Потустороннее создание было одето в ярко-синее, цвета горечавки, но дополненное атласными зелеными листьями парчовое платье. Плечи покрывала дорогая шаль великолепной отделки: такая большая, что разноцветная бахрома стелилась по полу, – но чудеснее всего выглядели украшения. Длинные серьги излучали поистине драгоценное сияние, которое невозможно ни подделать, ни взять взаймы. На костлявых пальцах сверкали кольца: широкие золотые обручи с пурпурными, зелеными и кроваво-красными камнями. Горбатая, крошечного роста, страдающая старческим слабоумием обитательница необыкновенного дома украсила себя подобно языческой королеве.
– Que me voulez-vous?[311] – проговорила она хрипло, скорее голосом старика, чем старухи. (У нее на подбородке и правда блестела седая борода.)
Я передала корзинку и поздравление с именинами.

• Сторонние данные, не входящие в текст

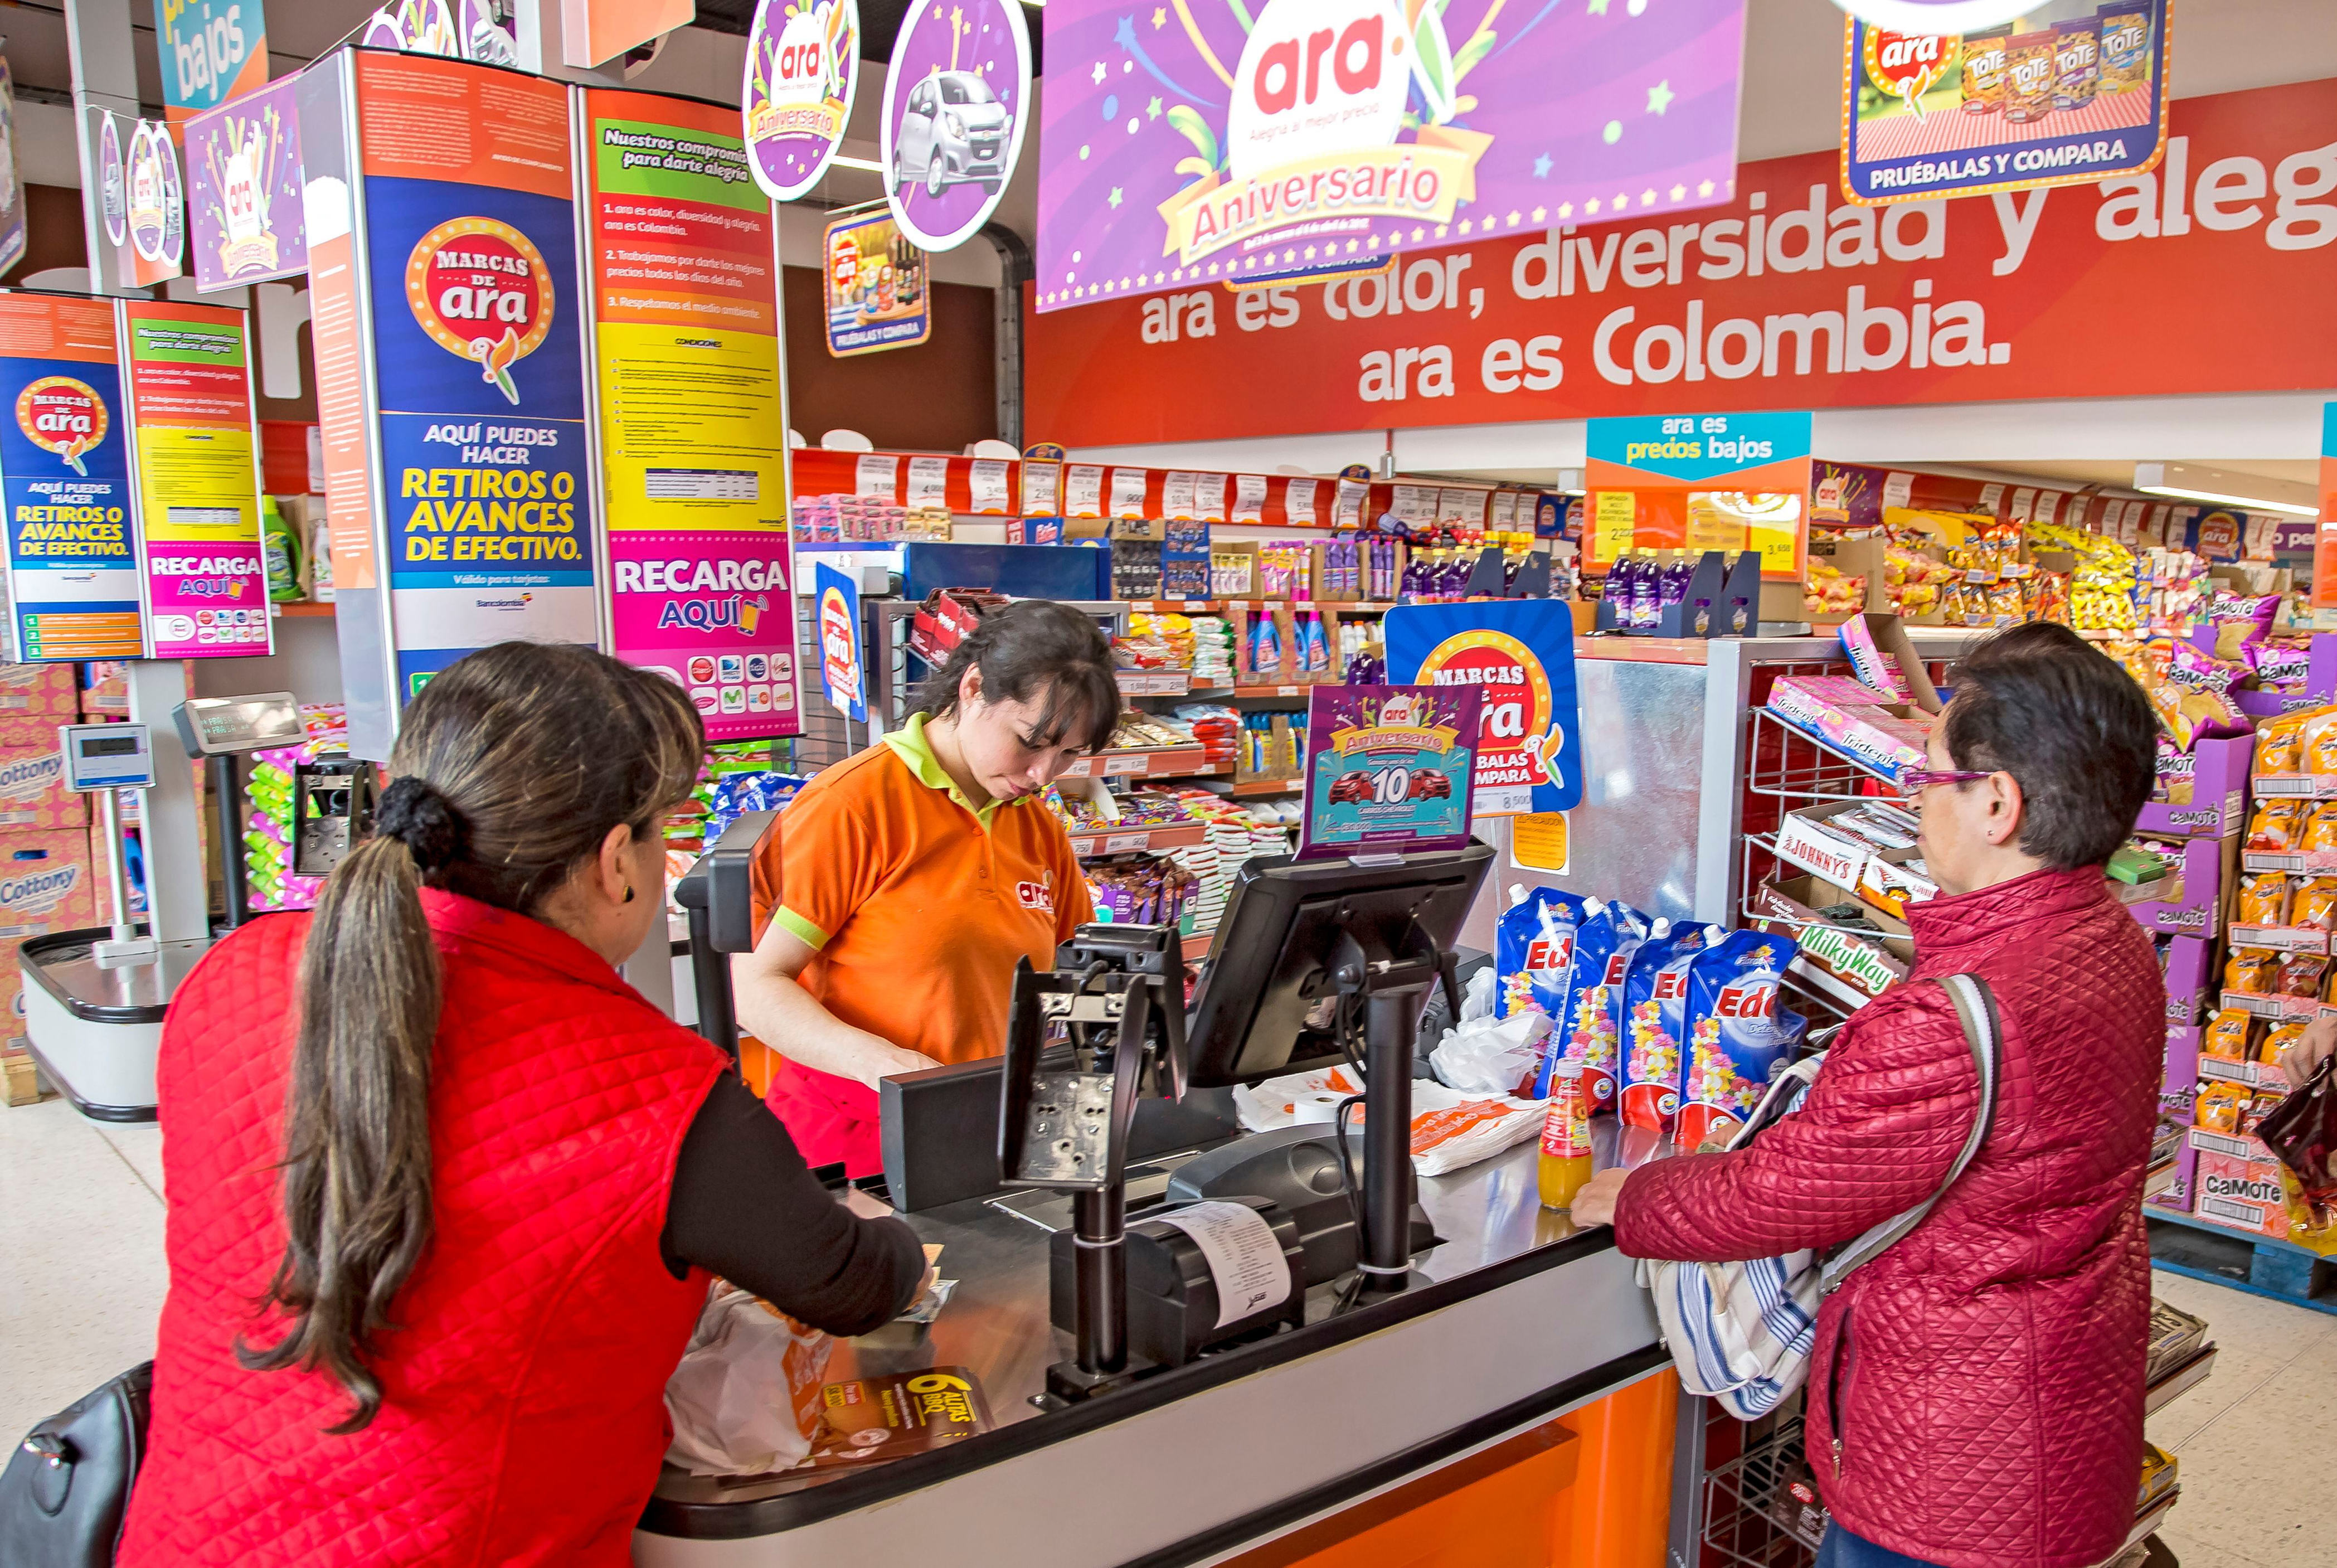 ara busca trabajadores para varios de sus locales en colombia: estos son los salarios y beneficios que ofrecen

– Это все? – осведомилась мадам Вальравен.
– Да, все, – ответила я.
– Стоило вас гонять, – проворчала она. – Возвращайтесь к мадам Бек и скажите, что, если захочу, сама смогу купить себе фрукты, et quant à ses félicitations, je m’en moque![312]
С этими словами любезная дама повернулась ко мне спиной.
В этот миг по небу прокатился громовой раскат. Вспышка молнии осветила и гостиную, и будуар. Волшебная сказка продолжилась под аккомпанемент стихии. Попавший в заколдованный замок путник услышал приближение самой настоящей, а не выдуманной, бури.
Что же оставалось думать о мадам Бек? Она поддерживала странное знакомство; посылала поздравления и подарки в неведомое святилище, зловещему нелюдимому существу. Угрюмая Сидония удалилась, трясясь и шатаясь, словно воплощение паралича, стуча костяным посохом по мозаичному полу и бормоча проклятия.
Начался ливень. Небо зловеще опустилось и нависло над городом. Красноватые тучи потемнели и стали черными, а потом внезапно побледнели, словно от ужаса. Несмотря на недавнее хвастливое заверение в покорности дождю, выходить на улицу совсем не хотелось. Вспышки молнии стали частыми и ослепительно-яркими, а гром, казалось, трещит за стеной. Гроза сконцентрировалась непосредственно над Виллетом. Небо над головой то и дело раскалывалось. Потоки воды обрушивались вертикально, а кривые стрелы молний пронзали их насквозь. Красные зигзаги вырывались из черной глубины бездонного котла и переплетались с белыми, как холодный металл, струями.
Покинув неприветливую гостиную мадам Вальравен, я вышла на холодную лестницу, присела на скамейку и решила дождаться, пока буря утихнет. Скоро с галереи донеслись скользящие шаги, опять показался старый священник и заметил:
– Мадемуазель не должна здесь сидеть. Наш благодетель рассердился бы, узнав, что в этом доме так обращаются с незнакомкой.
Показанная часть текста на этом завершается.